Just as scope-of-practice rules limit who can provide care, certificate-of-need (CON) laws restrict where that care can be delivered by making it more difficult to open new birthing centers. Freestanding birthing centers are increasingly popular alternatives to hospital delivery, typically staffed by nurse-midwives. In some areas, like rural Alabama, they offer women, especially African-American mothers, a more familiar and patient-centered setting, while also reducing the burden of long travel distances in a state where roughly 28 percent of women lack a hospital within a 30-minute drive.

Of course, birthing centers are not a substitute for hospital care in high-risk pregnancies, but they can safely serve low-risk patients and free up hospital capacity for more complex cases. They also tend to be significantly less expensive than hospital deliveries, offering a lower-cost alternative in a system already strained by rising maternity care costs.

According to research by the Pacific Legal Foundation, roughly a dozen states require a certificate of need to open a freestanding birthing center, forcing providers to obtain state approval and often run the gauntlet of opposition from incumbent hospitals—effectively giving competitors a veto and creating a direct barrier that can delay or block new centers even in underserved areas. 

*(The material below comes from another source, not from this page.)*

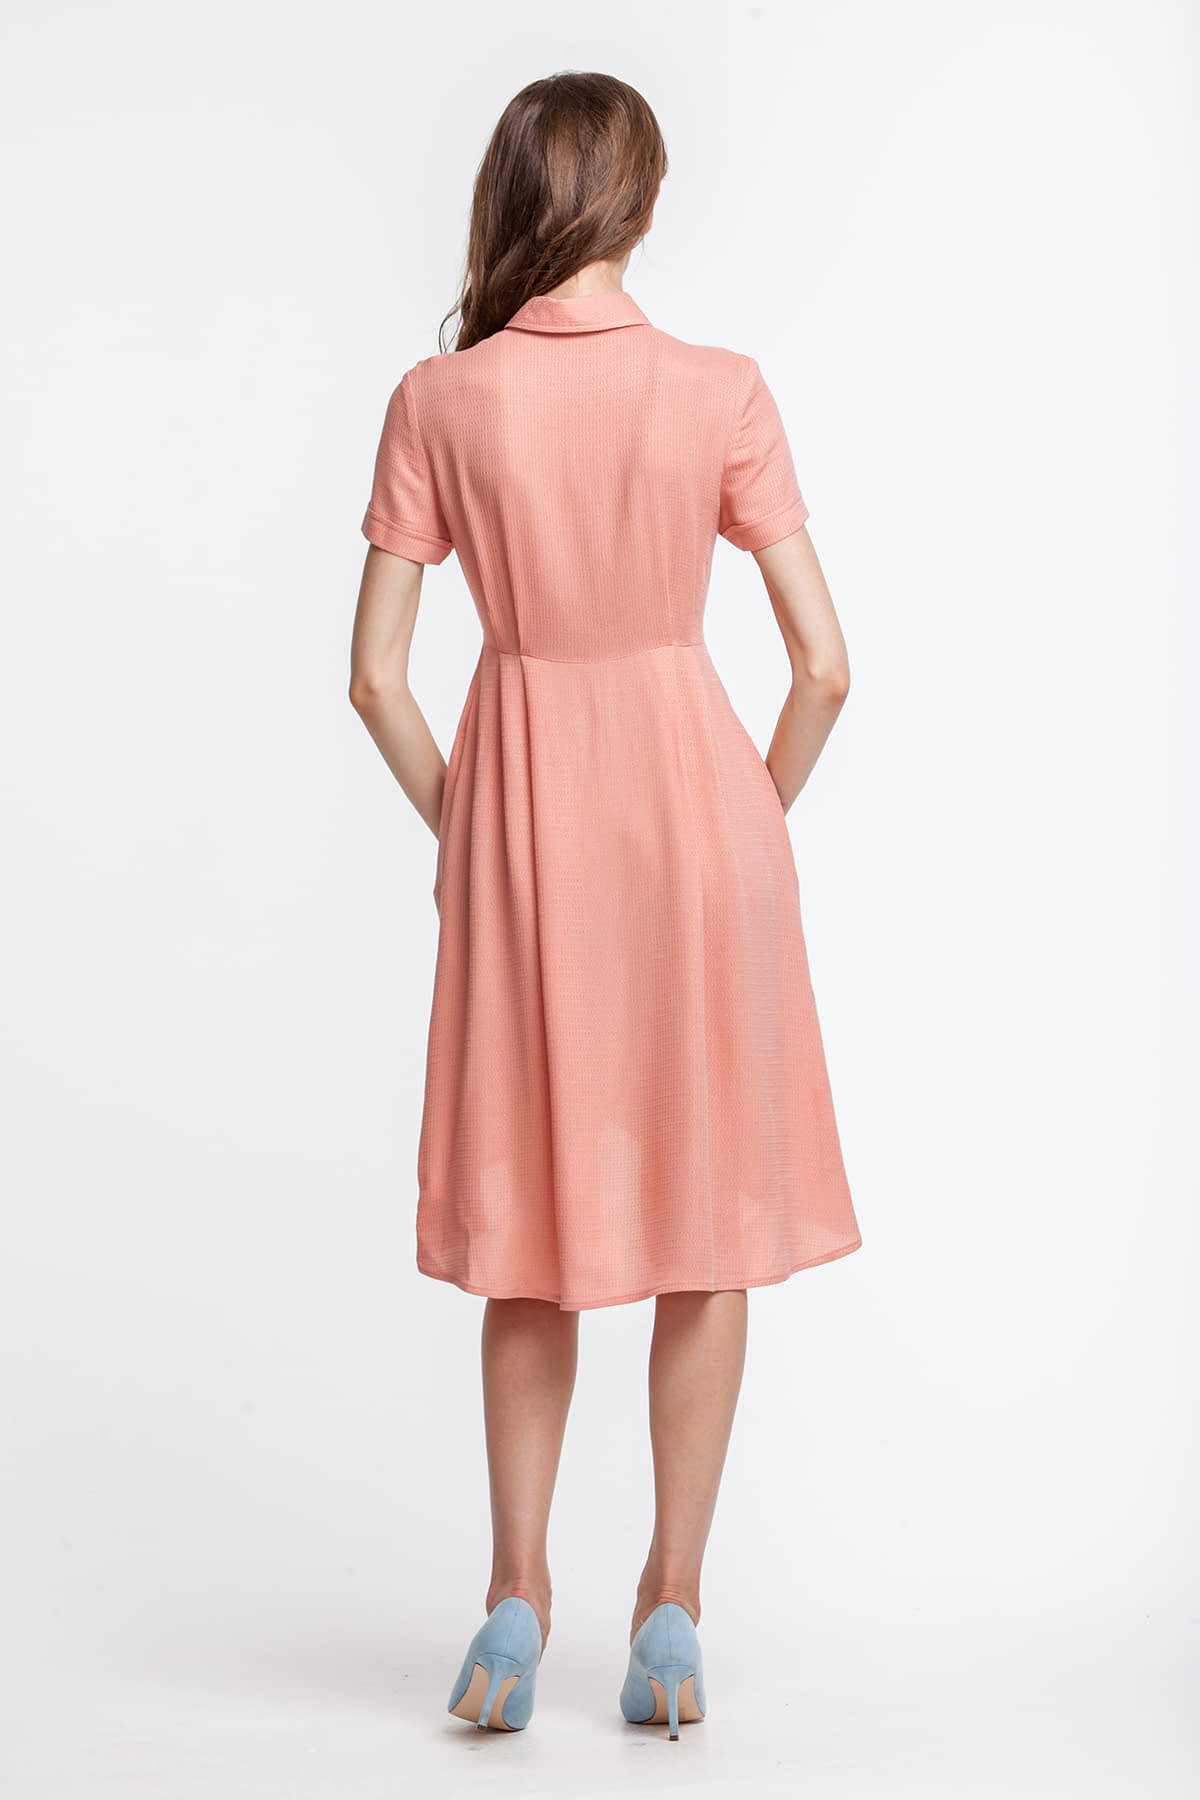 Сукня персикового кольору, з сорочковим верхом, спідниця різної довжини, фото 3
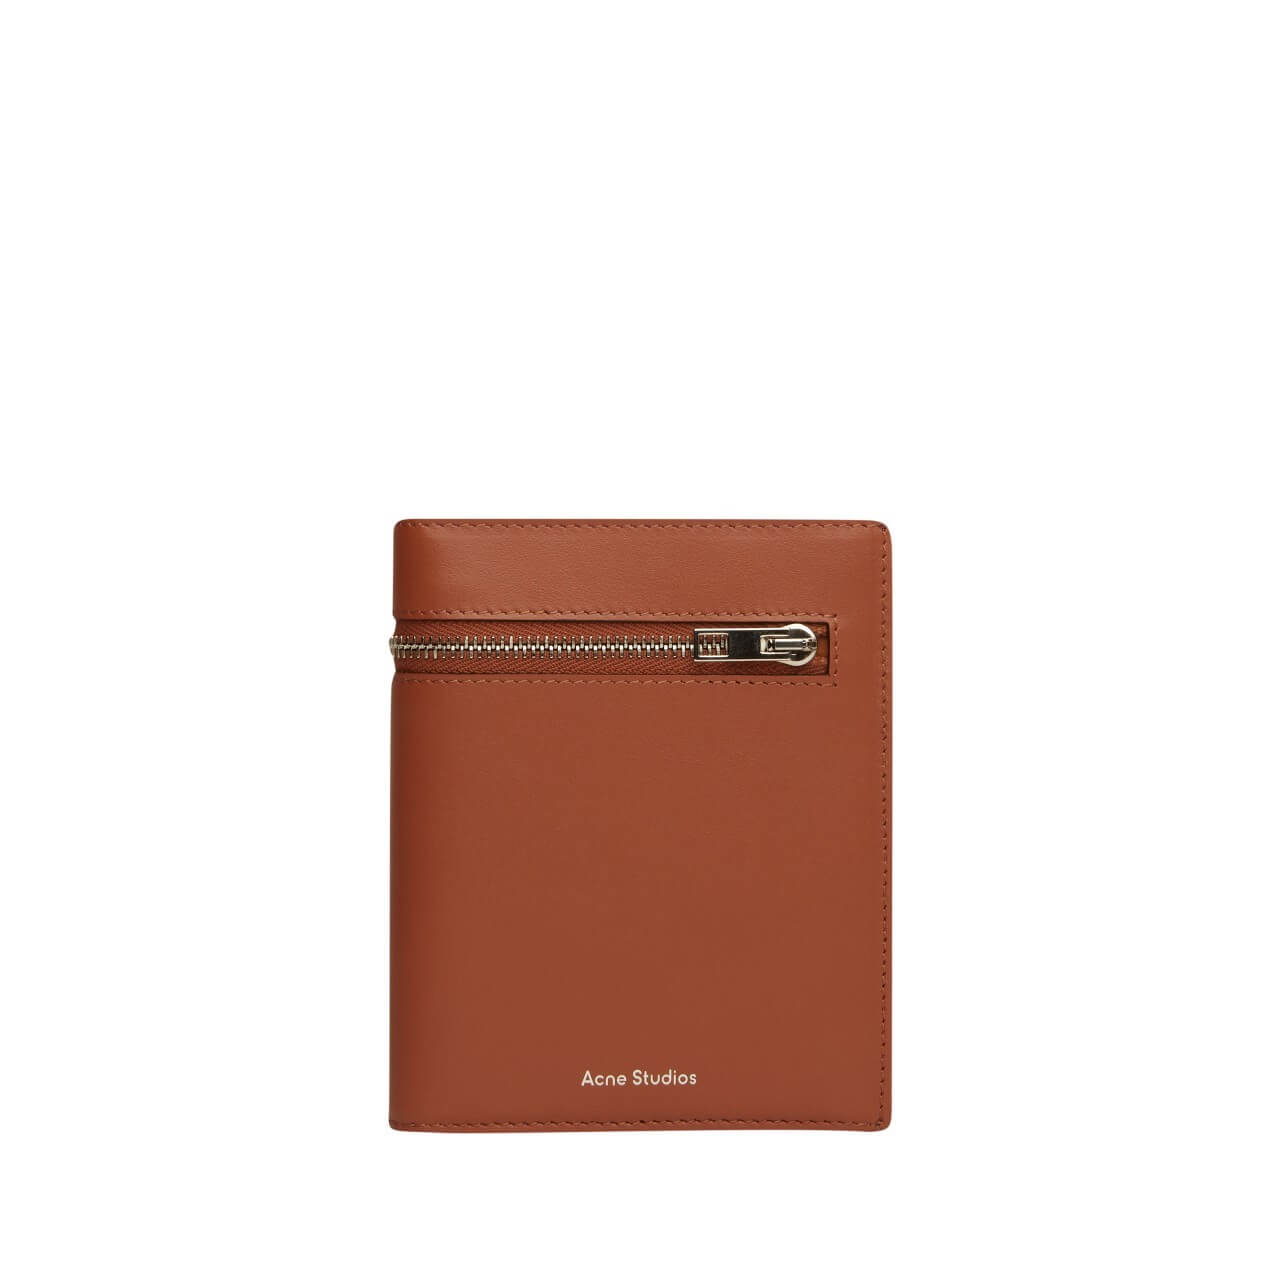 アクネ ストゥディオズの新作レザーアイテムに注目！【バッグ・財布・カードケース】 | LEE

But CON laws are only part of the problem. The Pacific Legal Foundation report finds that most states impose additional restrictions, such as requiring transfer agreements with nearby hospitals, mandating physician oversight, or adding complex licensing and facility requirements that mirror hospital standards. These barriers can be just as limiting, especially in rural areas where hospitals may refuse to cooperate or physicians are scarce. As a result, even states without CON laws often make it difficult to open and operate birth centers, helping explain why 17 states had no operating birth centers as of 2025.

In summary, as hospitals withdraw from providing obstetric services, policymakers are not only failing to replace the lost capacity—they are actively blocking viable alternatives from emerging.

The answer is not to double down on a shrinking, hospital‑centric model but to let alternatives develop. That starts with dismantling regulatory barriers that prevent midwives and birthing centers from filling the gaps hospitals leave behind.